Minister Bruno Bruins (Medische zorg) noemt de berichten over de hoge werkdruk onder huisartsen ‘een ernstig signaal dat serieus genomen moet worden’. De minister verkent samen met het veld maatregelen om meer tijd voor de patiënt te creëren en tegelijkertijd de huisarts te ontlasten. Omdat elke regio eigen problemen heeft is maatwerk nodig, schrijft Bruins in een brief aan de Tweede Kamer.
De kwaliteit van de huisartsenzorg staat onder druk door de toenemende werkdruk onder huisartsen, concludeerde onderzoeksbureau Newcom onlangs in een onderzoek onder ruim 1.600 huisartsen. Twee derde gaf aan de werkdruk te hoog te vinden. Het lukt 65 procent van de huisartsen niet om noodzakelijke werkzaamheden binnen de reguliere werktijd af te krijgen. De Landelijke Huisartsen Vereniging (LHV) pleitte hierop voor actie. “Huisartsen geven zelf aan dat te hoge werkdruk leidt tot haastwerk en kans op het maken van fouten”, aldus LHV-voorzitter Ella Kalsbeek. “Dat vraagt om maatregelen.”

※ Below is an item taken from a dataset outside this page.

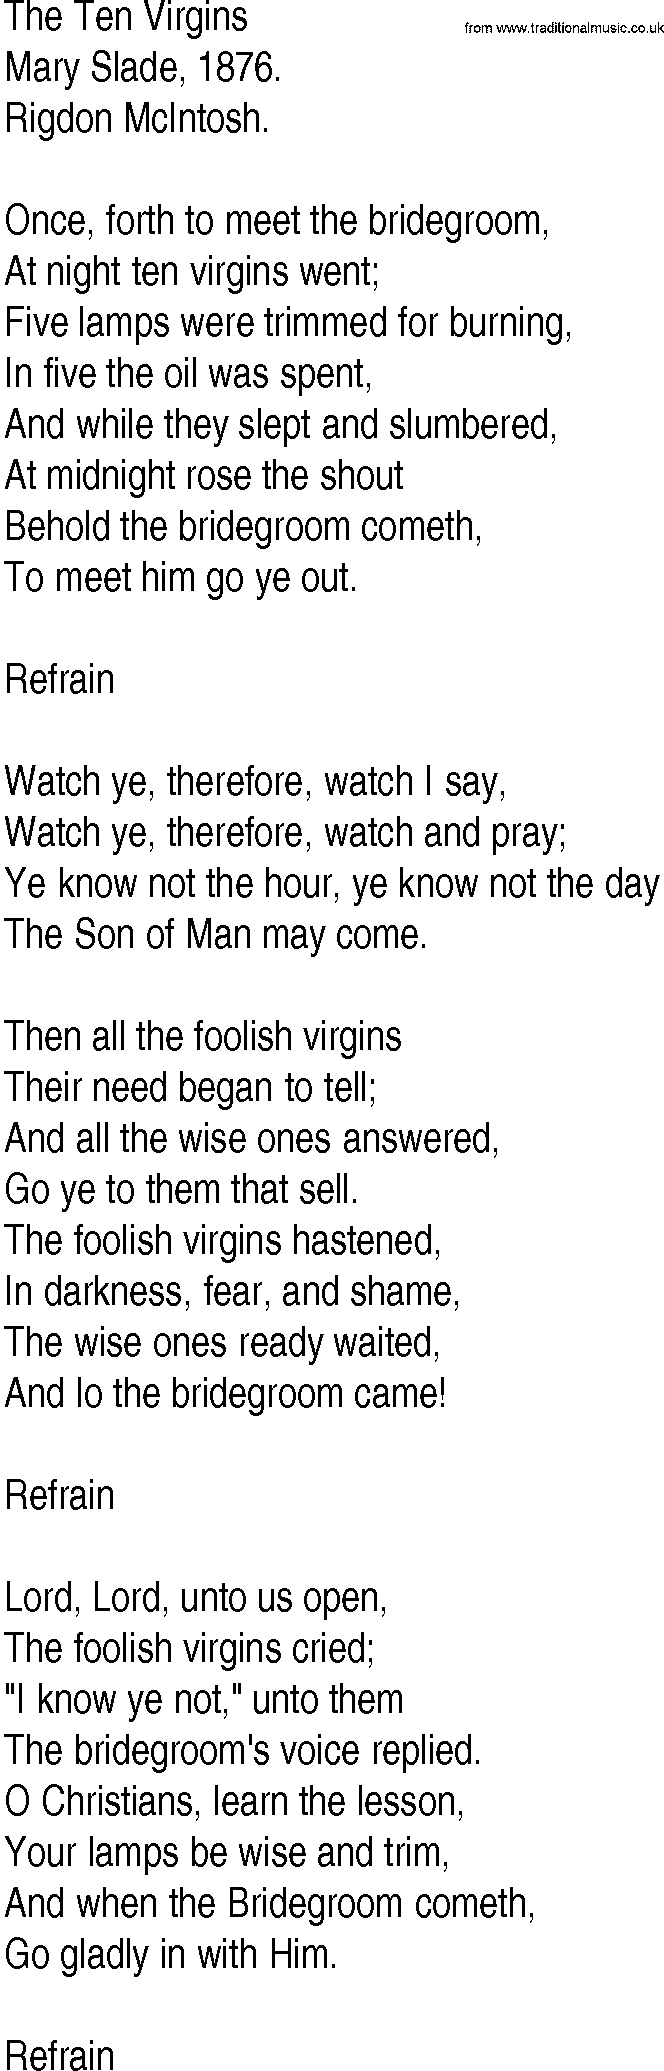 Hymn and Gospel Song: The Ten Virgins by Mary Slade lyrics

Bruins geeft in zijn brief aan inmiddels met LHV en InEen te hebben gesproken over de problematiek. Het onderwerp werkdruk van huisartsen heeft zijn “volle aandacht”, zo laat hij weten. “Het is van groot belang dat huisartsen voldoende tijd hebben om goede zorg te kunnen leveren aan patiënten.” Volgens de minister zijn er regionale verschillen en vergt het creëren van meer tijd voor de patiënt daarom maatwerk. “Elke regio heeft eigen specifieke problemen en daarbij horende maatregelen”, schrijft hij. “De bekostiging biedt voldoende ruimte voor het maken van regionale afspraken door zorgverzekeraars en aanbieders.”
E-health
Meer tijd voor de patiënt kan volgens de minister op allerlei manieren worden vormgegeven. Hij denkt onder meer aan ondersteuning door praktijkondersteuners, verpleegkundig specialisten, physician assistents en nurse practitioners en de inzet van e-health. Een andere oplossing is de inzet van een praktijkmanager die het management en de administratieve taken van de huisarts kan overnemen.
Ook het verminderen van de regeldruk moet ervoor zorgen dat de huisarts minder werkdruk ervaart. Hierin zijn volgens de minister al duidelijke stappen gezet, toch blijft het een aandachtspunt. In mei komt Bruins met zijn programmaplan (Ont)regel de zorg, waarin maatregelen staan om de bureaucratische lastendruk in onder meer de huisartsenzorg te verminderen.
Hoofdlijnenakkoord
Verder heeft de minister met de LHV en InEen afgesproken dat het terugdringen van de werkdruk terug zal komen in de gesprekken rondom een nieuw hoofdlijnenakkoord voor de huisartsenzorg. Ook moet het aantal opleidingsplekken voor huisartsen beter worden benut, schrijft de minister. Na de selectieprocedure blijven al jaren minder kandidaten over dan het aantal beschikbare plaatsen. De opleidingsinstituten onderzoeken hoe de beschikbare opleidingsplaatsen optimaal gevuld kunnen worden
Daarnaast laten het ministerie en de LHV onderzoek doen naar de verschillende factoren die bepalend zijn voor de plek waar huisartsen wel of niet willen werken. Zo hopen ze beter zicht te krijgen op de tekorten die zich in bepaalde regio’s en achterstandswijken voordoen, waarna gericht naar oplossingen kan worden gezocht. Het NIVEL start een onderzoek naar de tijdsbesteding van huisartsen. Dit moet inzicht bieden in het aantal uren dat huisartsen werken, onderverdeeld naar patiëntgebonden uren en niet-patiëntgebonden uren. Ten slotte is de Nederlandse Zorgautoriteit (NZa) met partijen in gesprek om de vergoeding voor huisartsen in achterstandwijken te optimaliseren.